### WORK TASK:
Pictures aside, reproduce exactly and only the lines below, starting at the one containing "A very good" and ending at the last line.

### EXTRACTED ENTRIES:
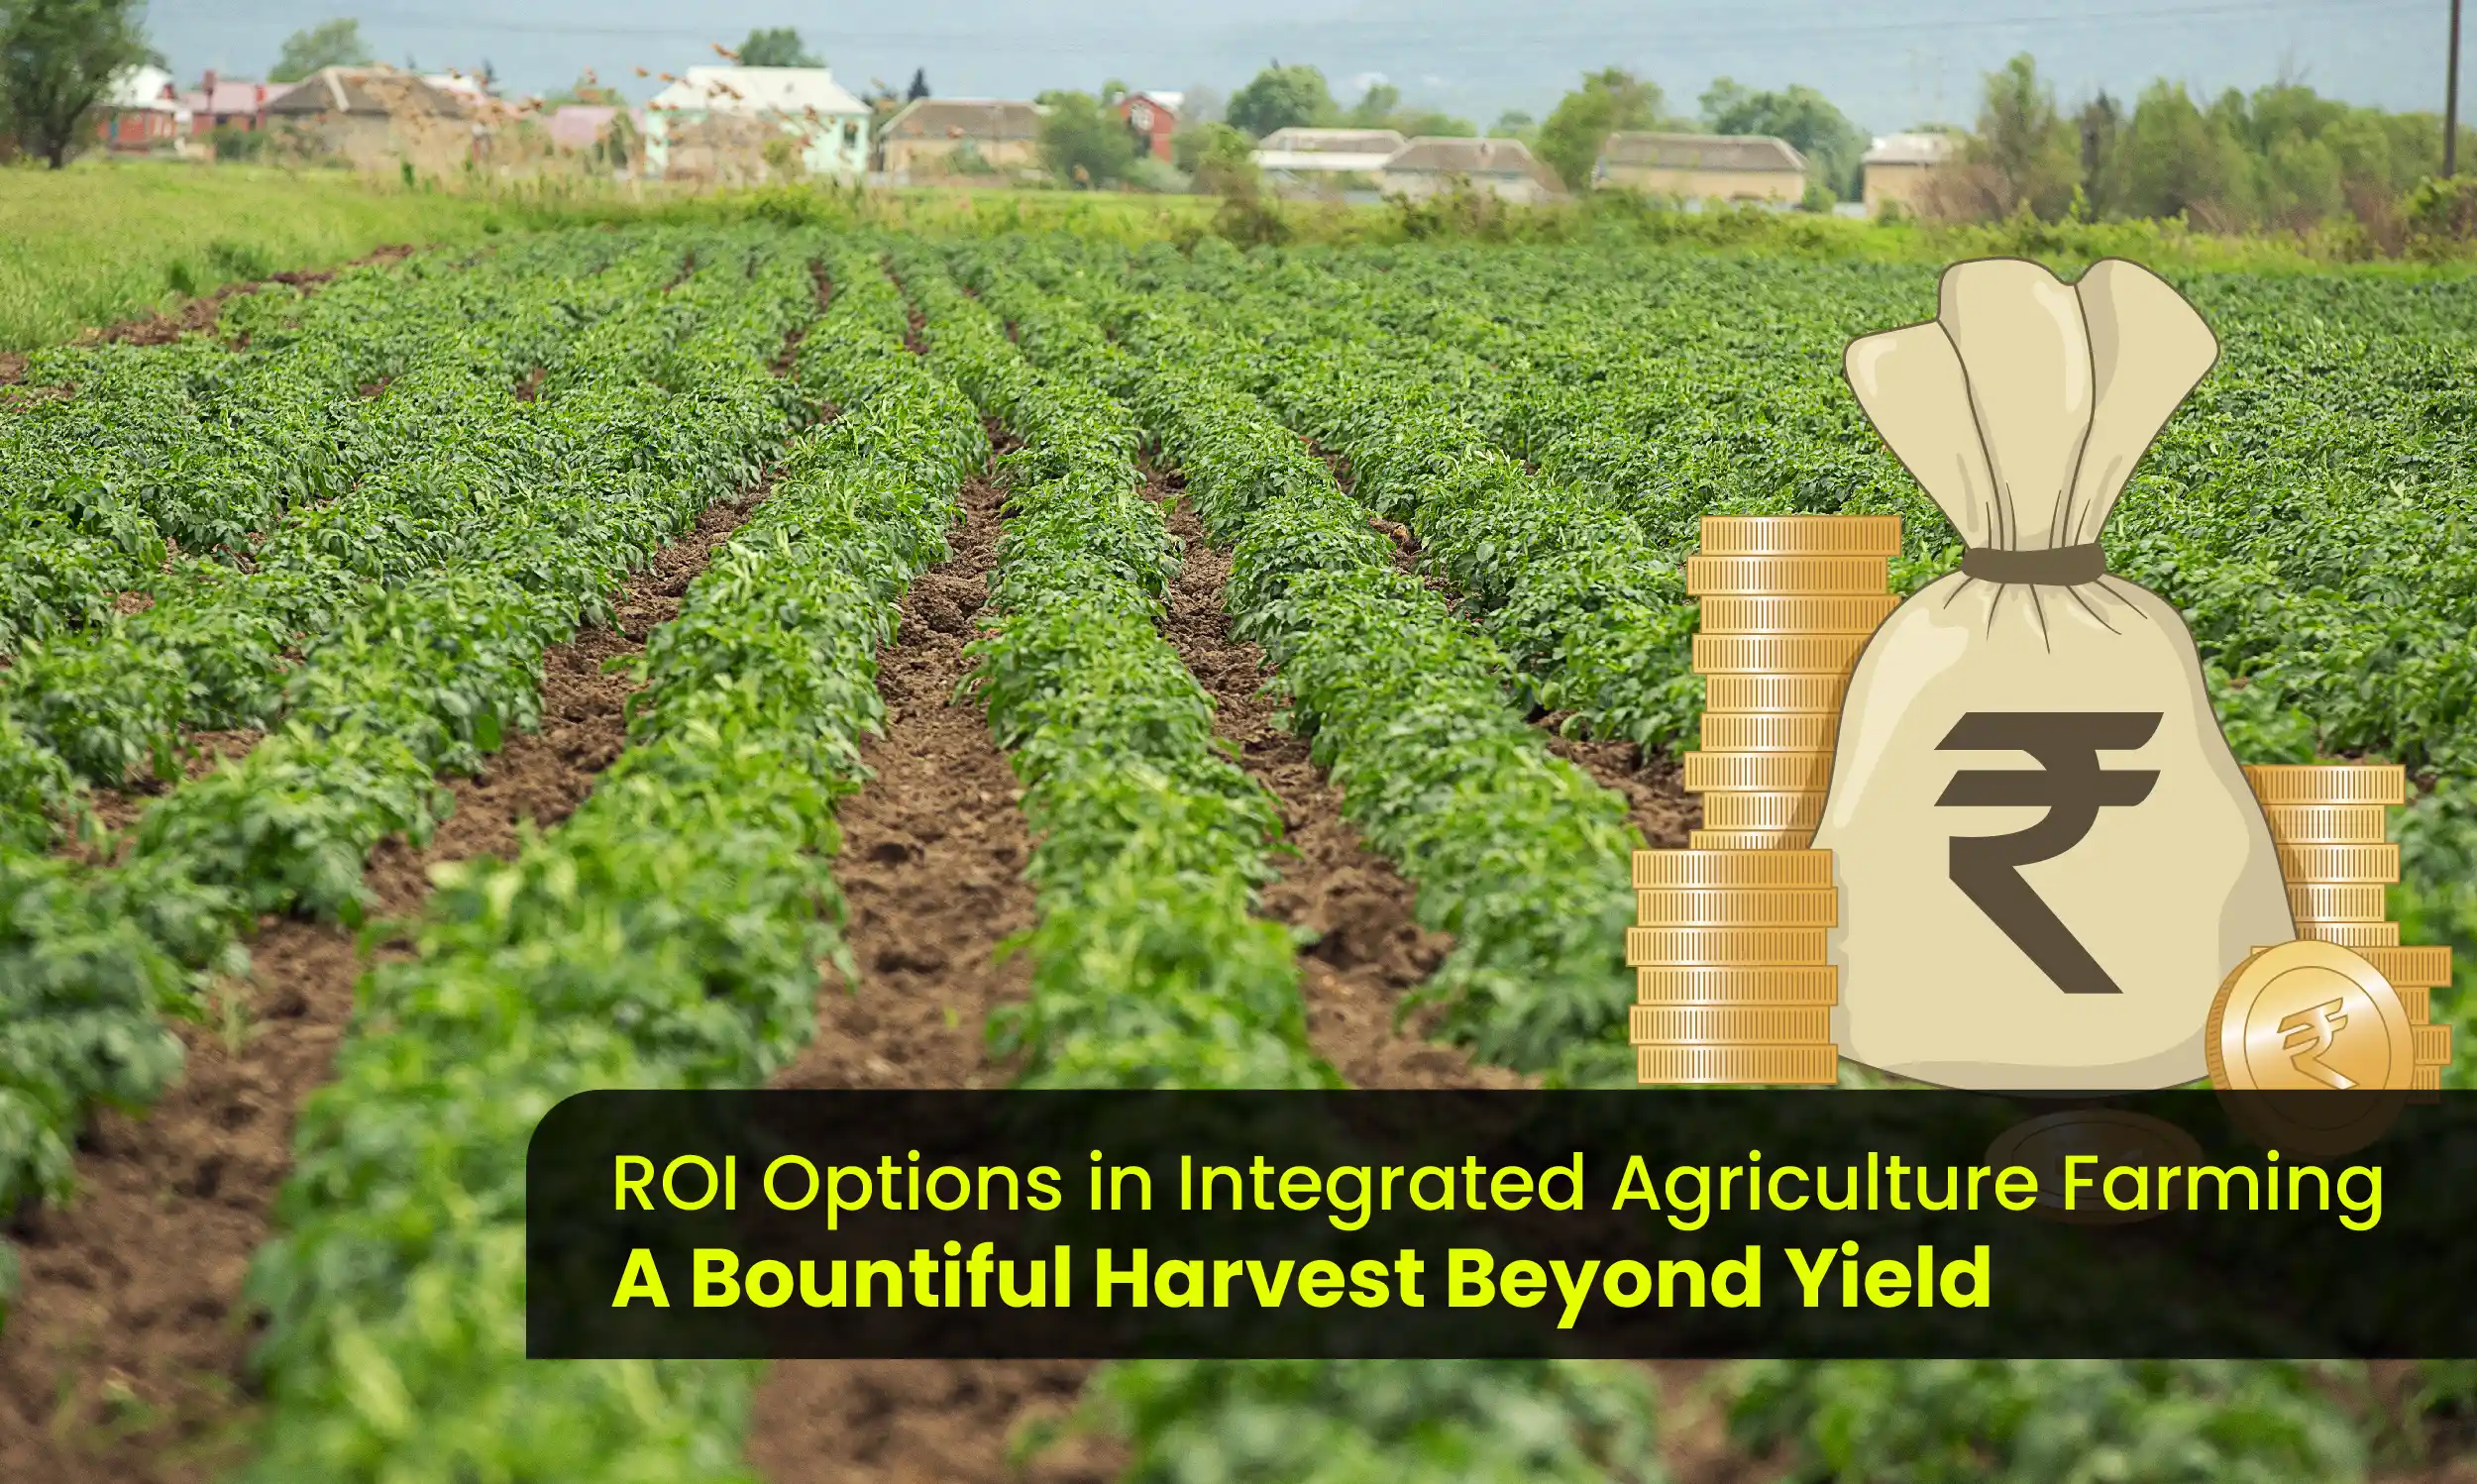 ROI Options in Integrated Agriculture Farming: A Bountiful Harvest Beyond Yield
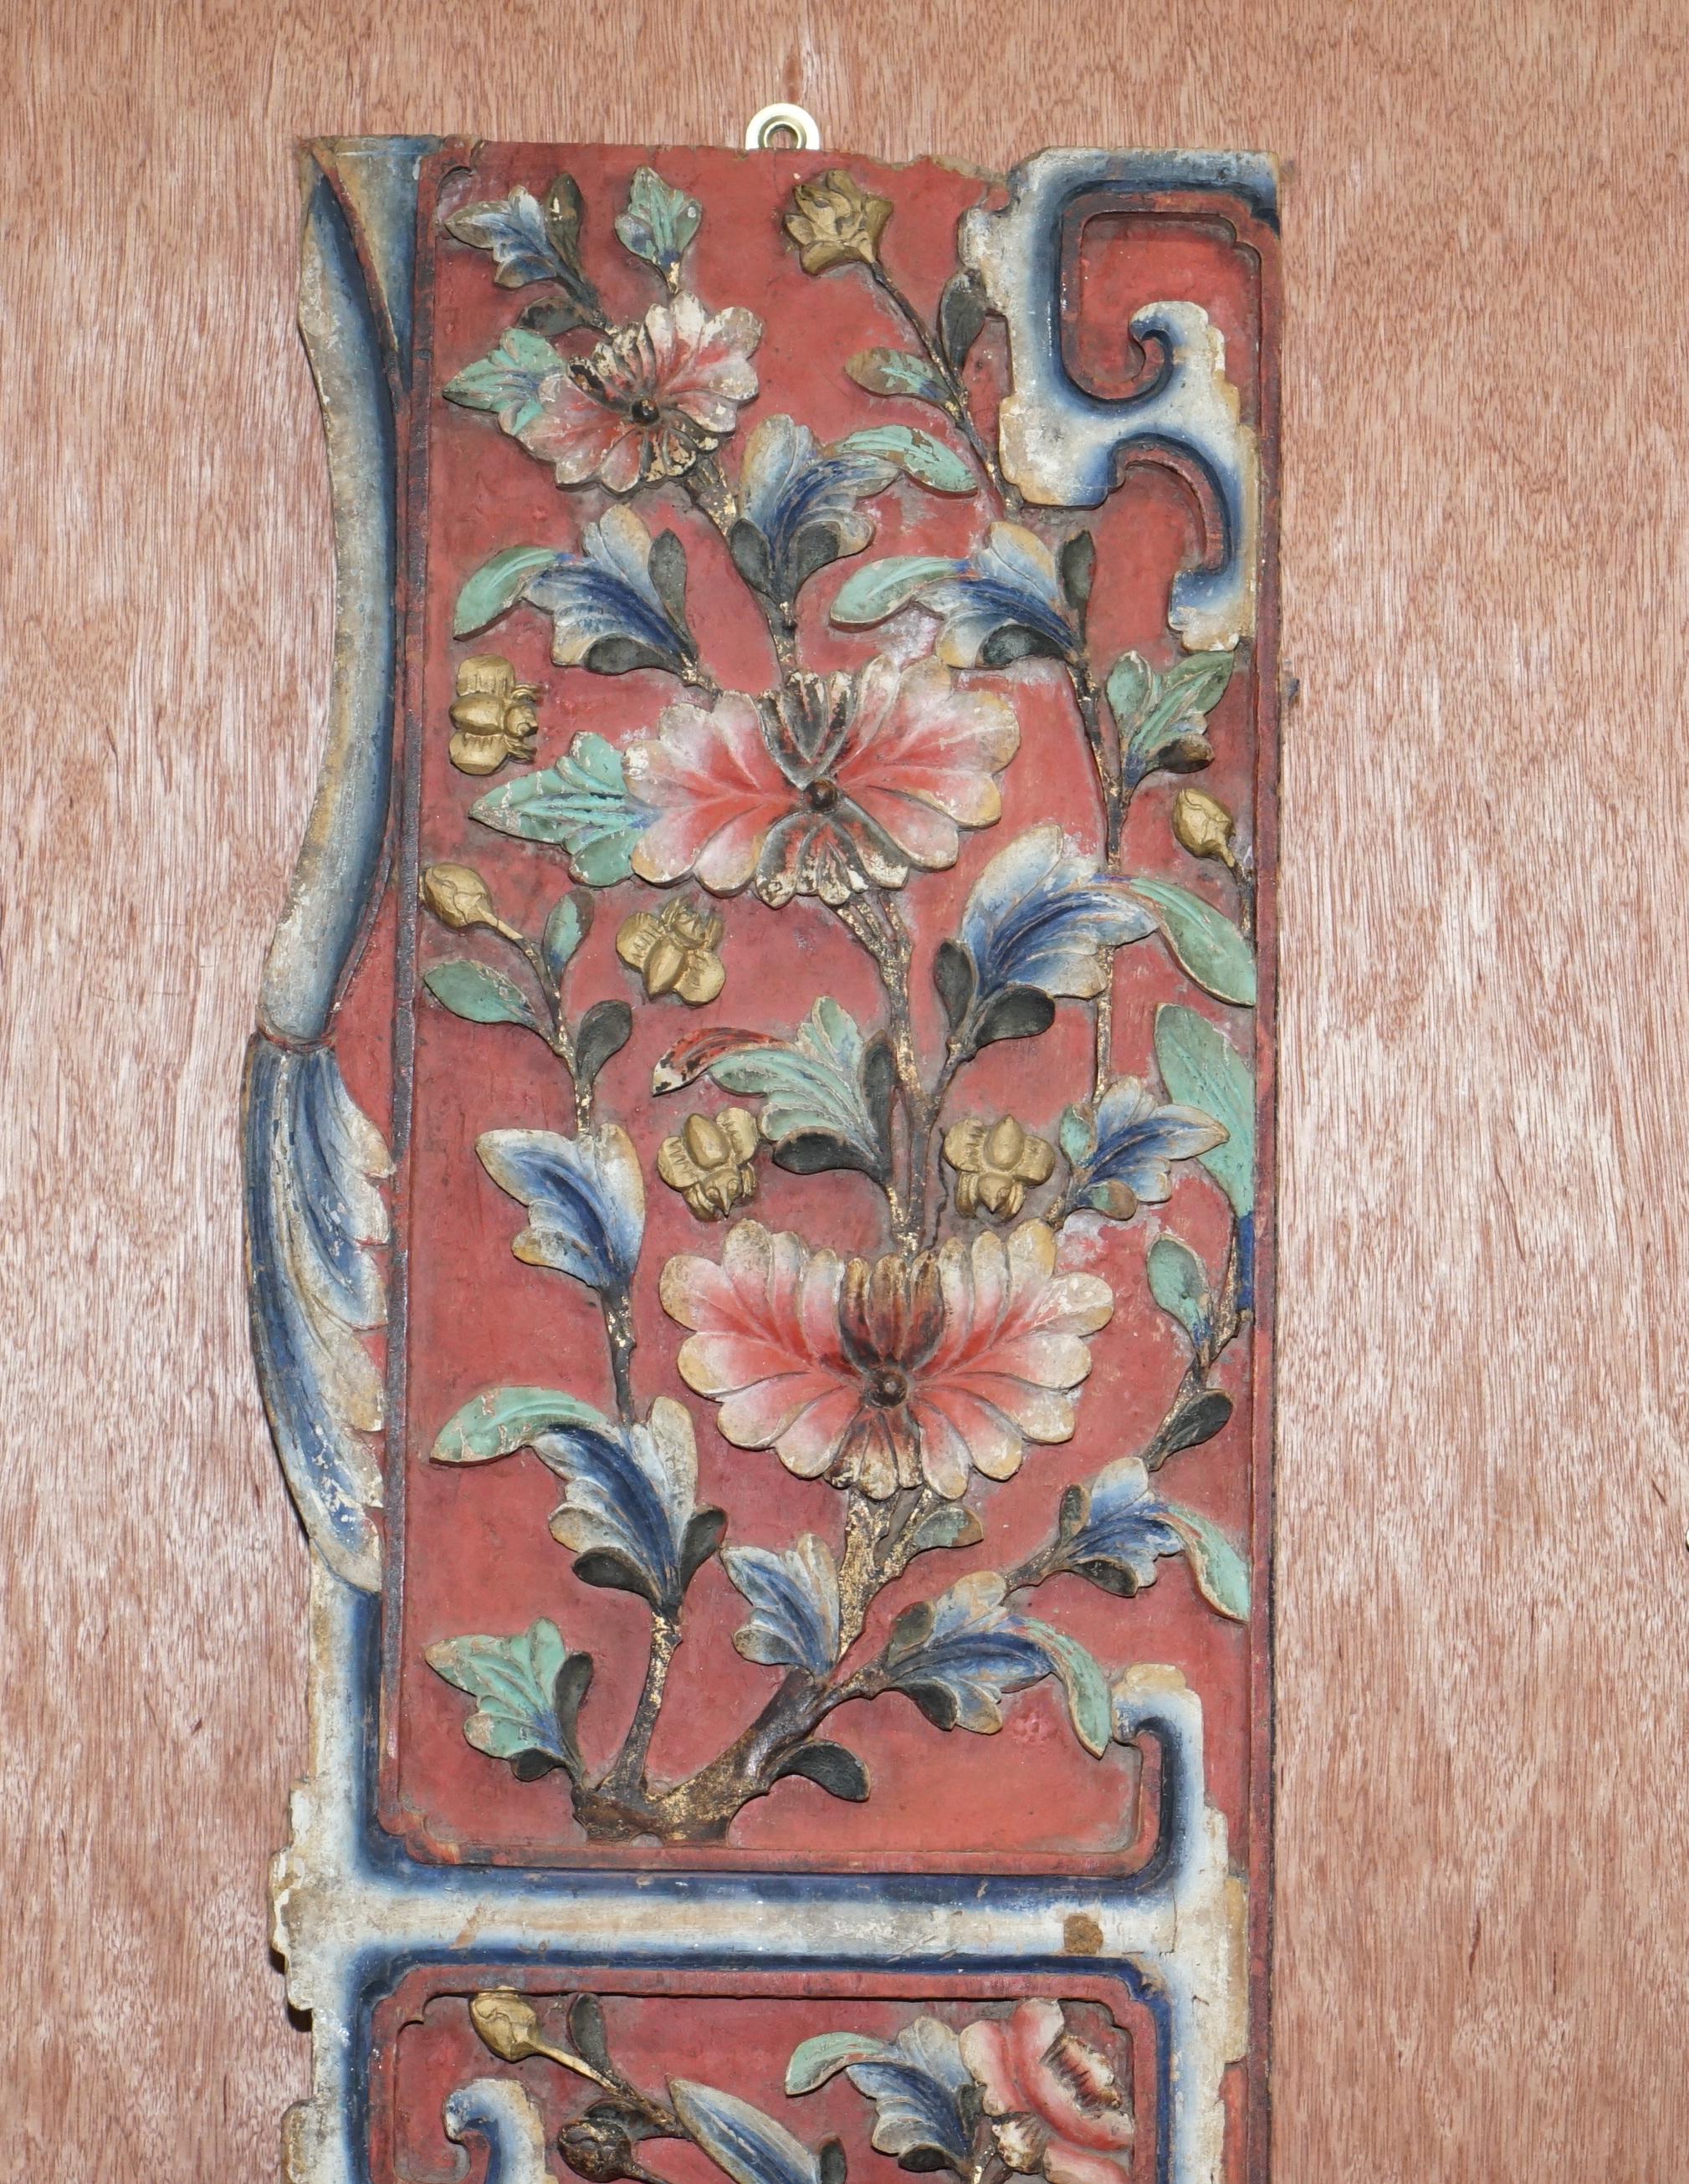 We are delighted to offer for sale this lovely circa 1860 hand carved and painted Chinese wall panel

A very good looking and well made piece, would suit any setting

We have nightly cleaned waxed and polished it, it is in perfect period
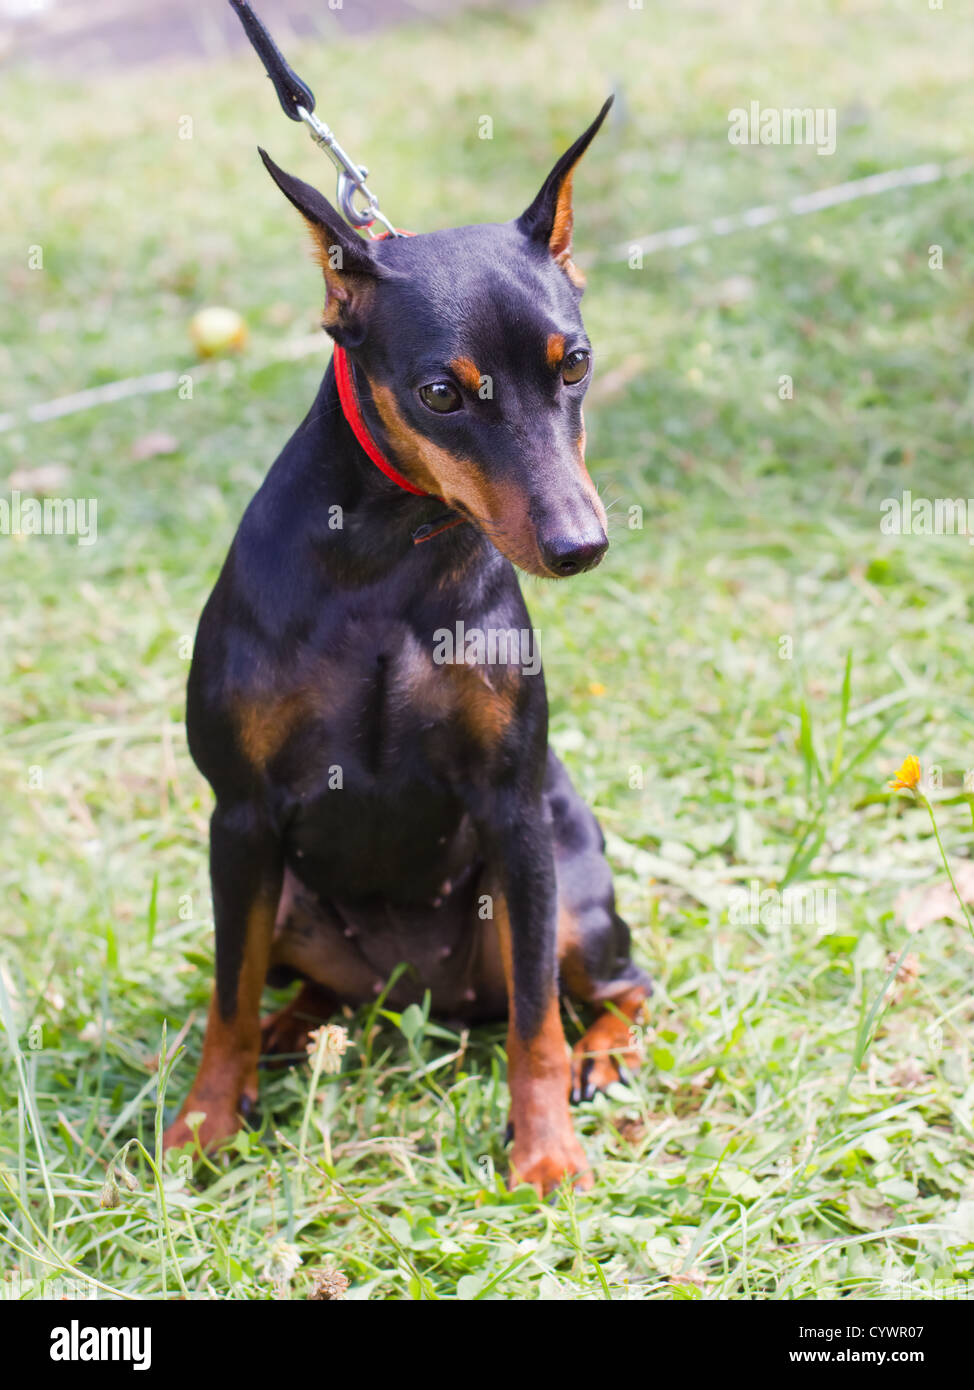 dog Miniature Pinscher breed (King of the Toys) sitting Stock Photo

### RESPONSE TO THE TASK:
A very good looking and well made piece, would suit any setting

We have nightly cleaned waxed and polished it, it is in perfect period
 dog Miniature Pinscher breed (King of the Toys) sitting Stock Photo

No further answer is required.